[How to complete this task]:
An exact copy of the listing below is needed, with no pictures in it.

[Data extract]:
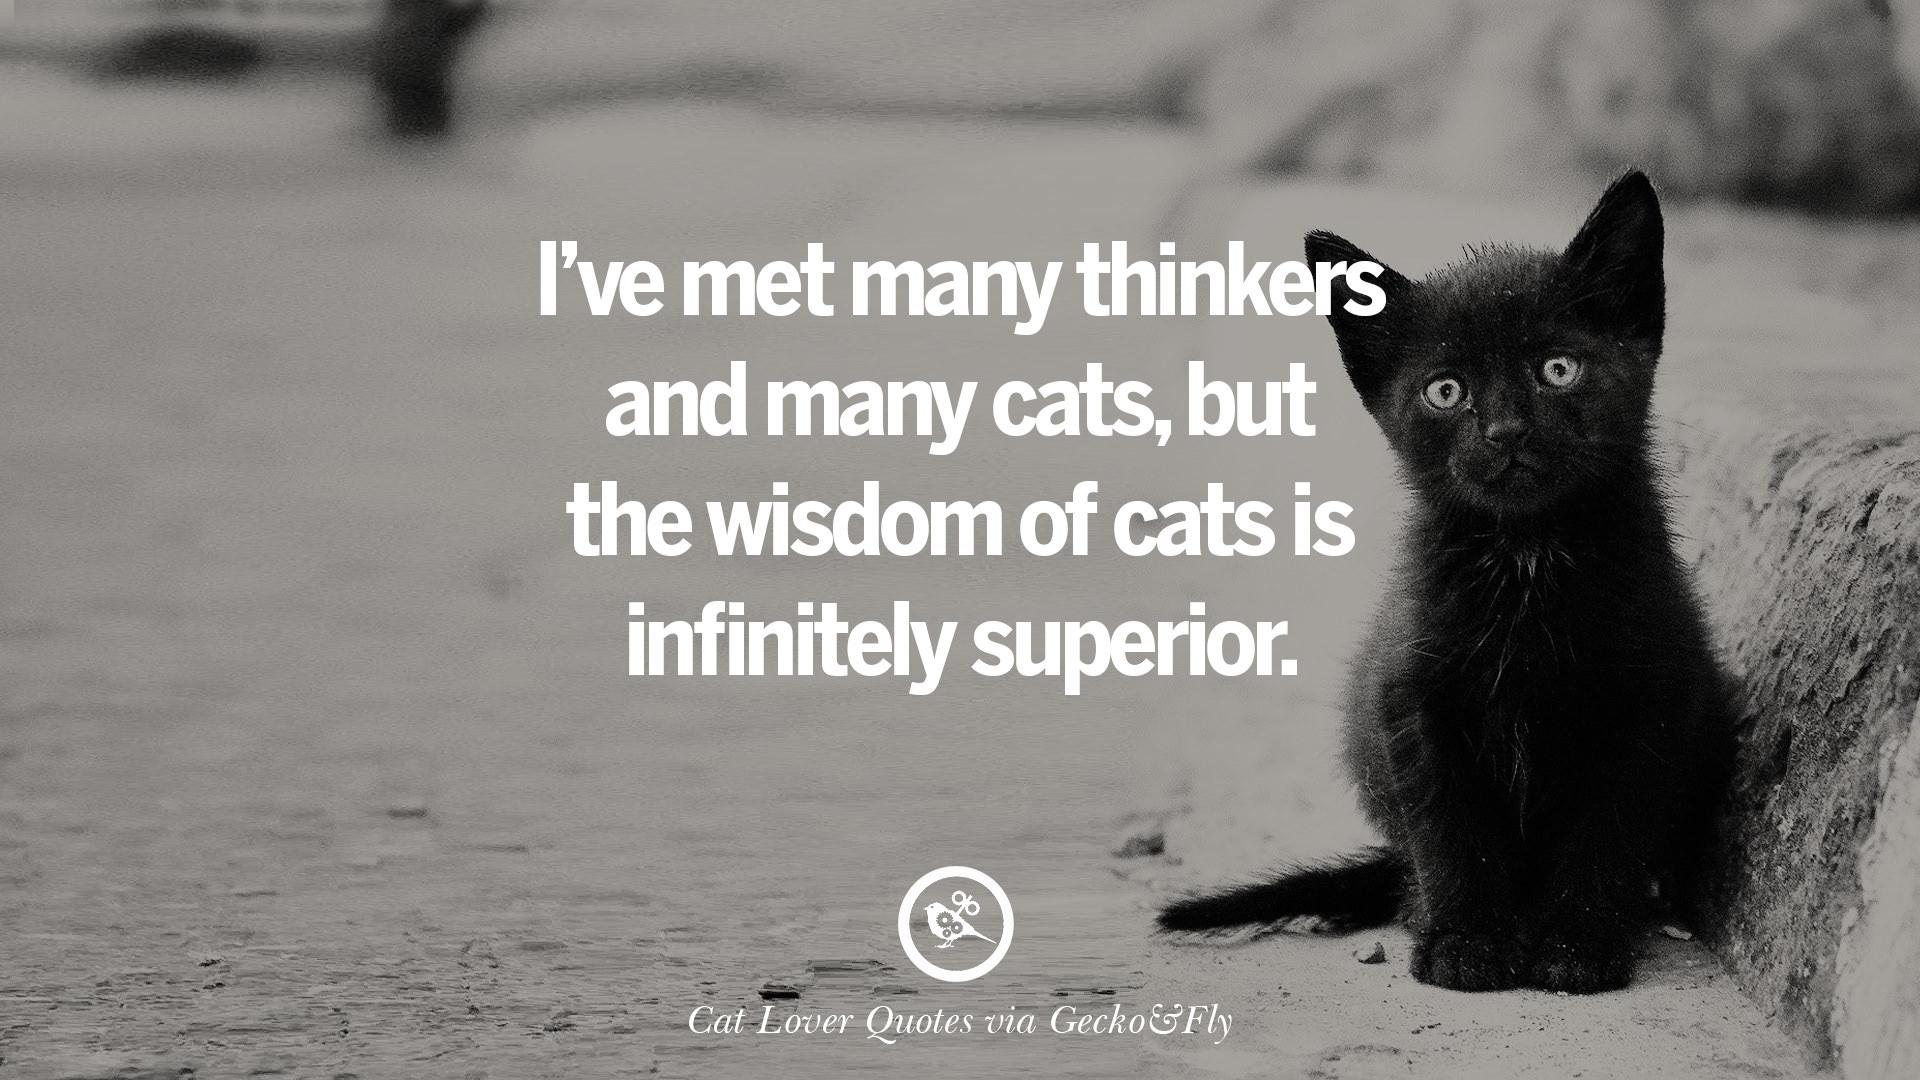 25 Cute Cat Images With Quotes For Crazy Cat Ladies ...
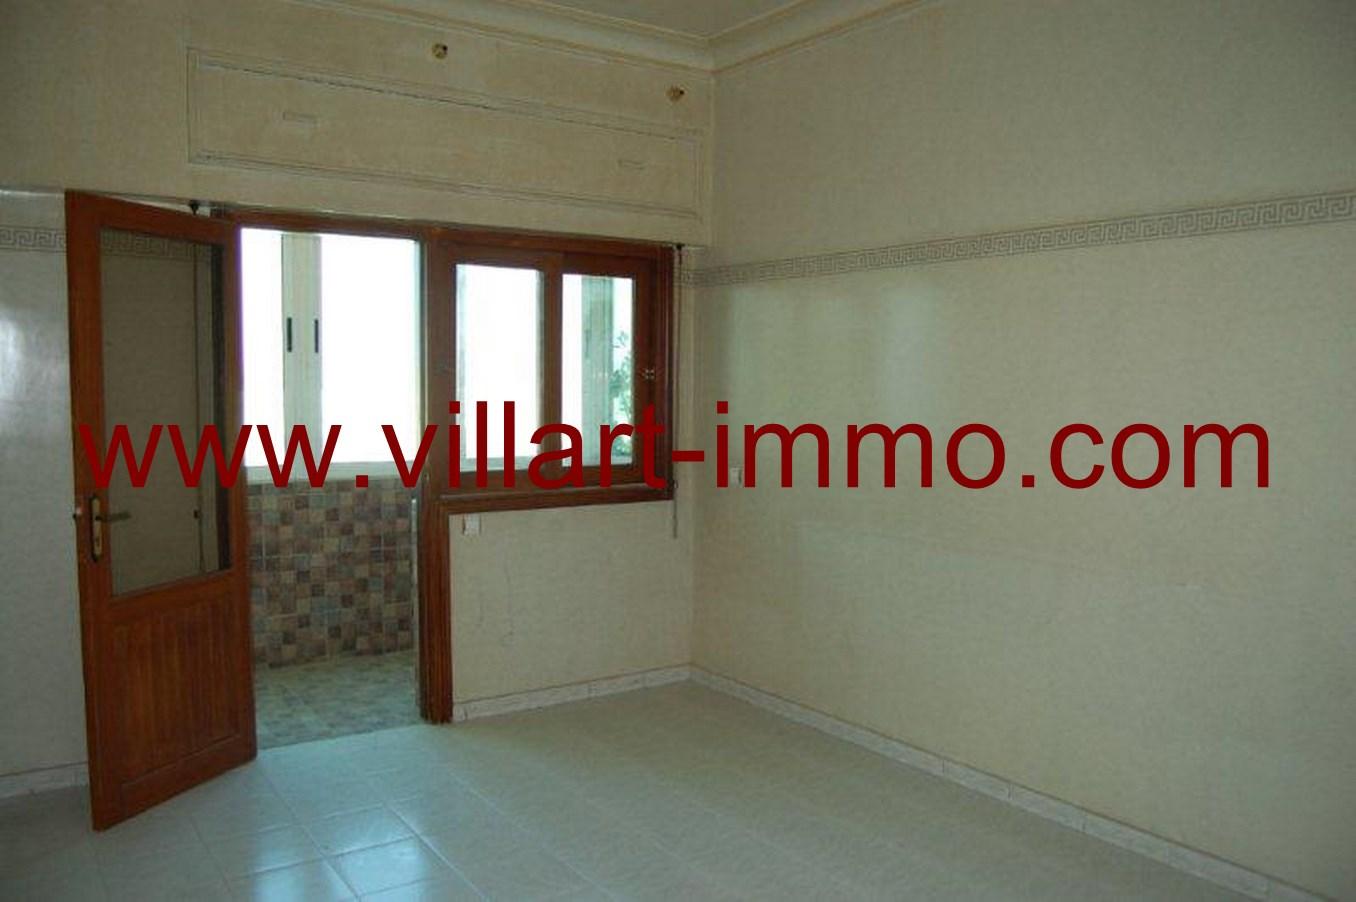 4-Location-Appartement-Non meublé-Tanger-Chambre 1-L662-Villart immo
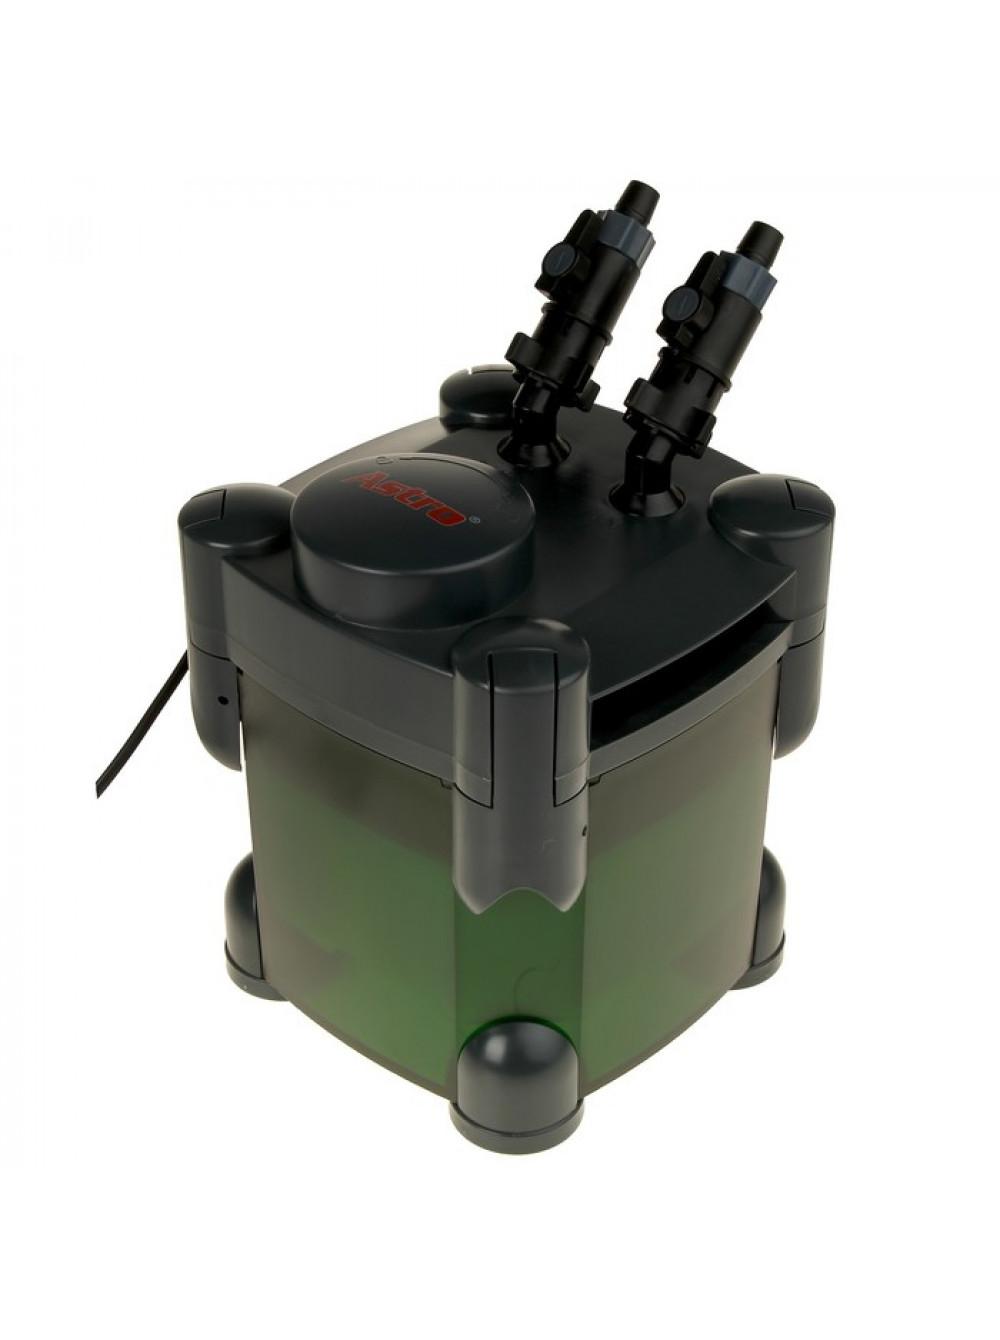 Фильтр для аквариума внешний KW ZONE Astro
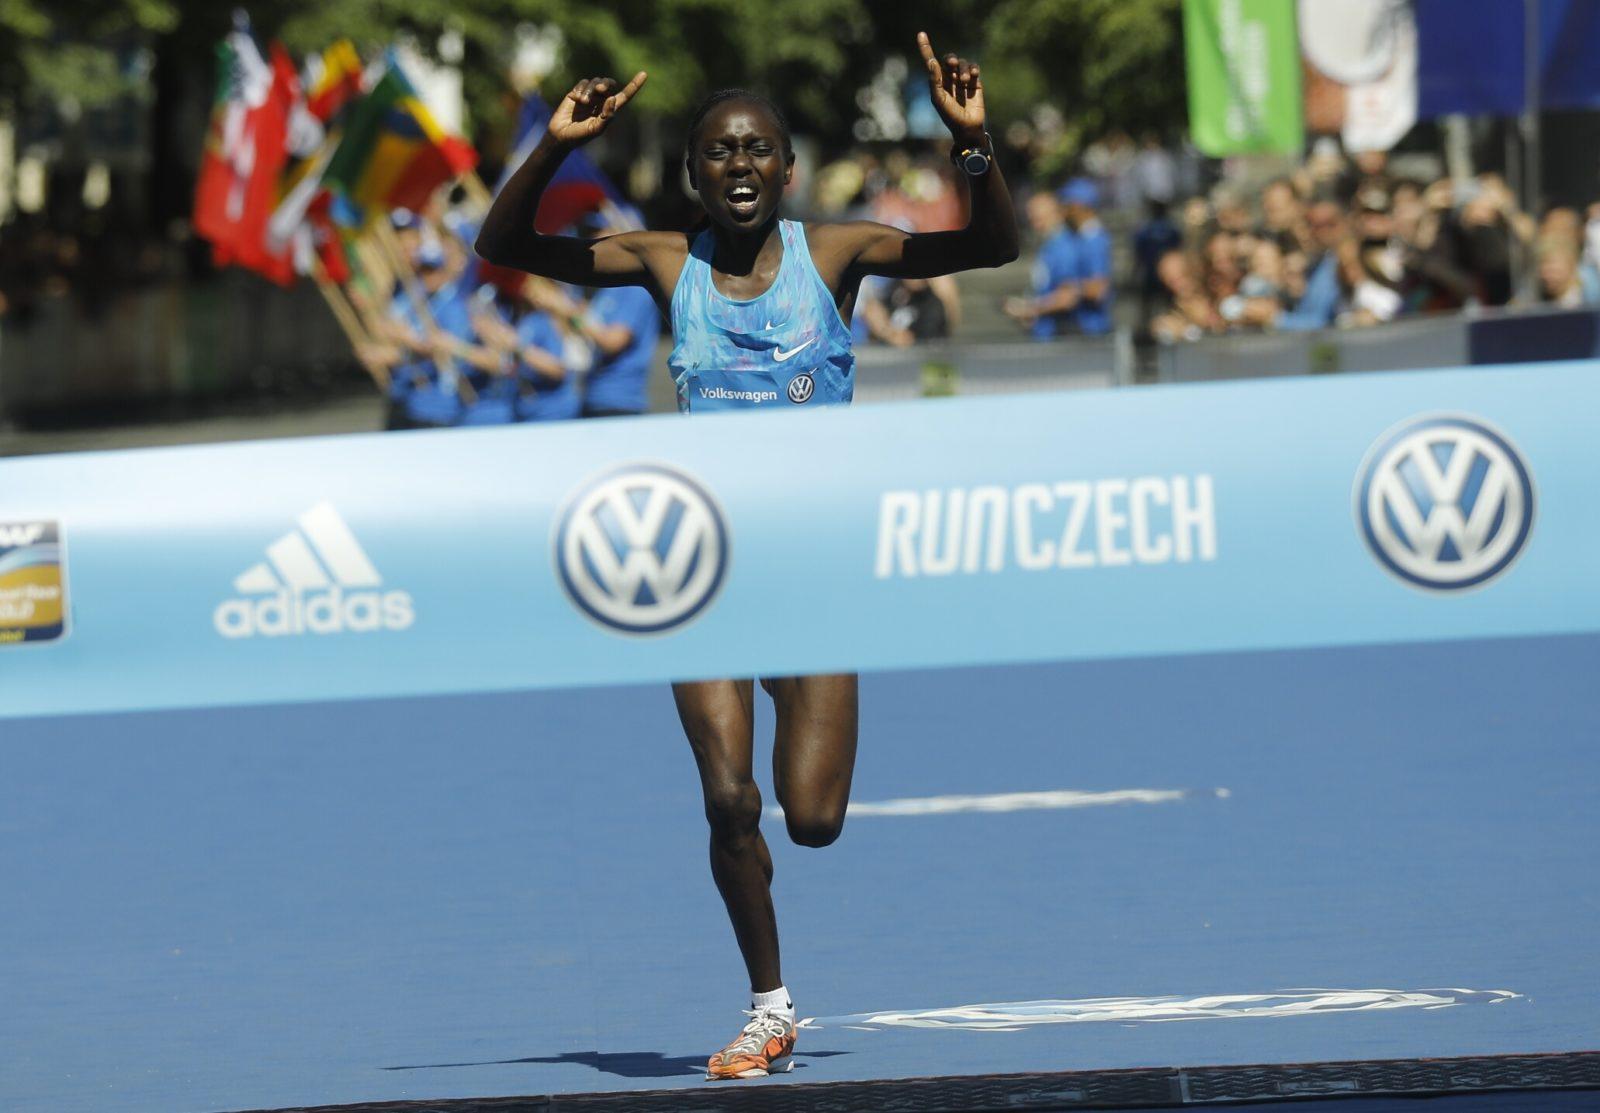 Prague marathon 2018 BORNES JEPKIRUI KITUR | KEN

[Completed task]:
 25 Cute Cat Images With Quotes For Crazy Cat Ladies ...
 4-Location-Appartement-Non meublé-Tanger-Chambre 1-L662-Villart immo
 Фильтр для аквариума внешний KW ZONE Astro
 Prague marathon 2018 BORNES JEPKIRUI KITUR | KEN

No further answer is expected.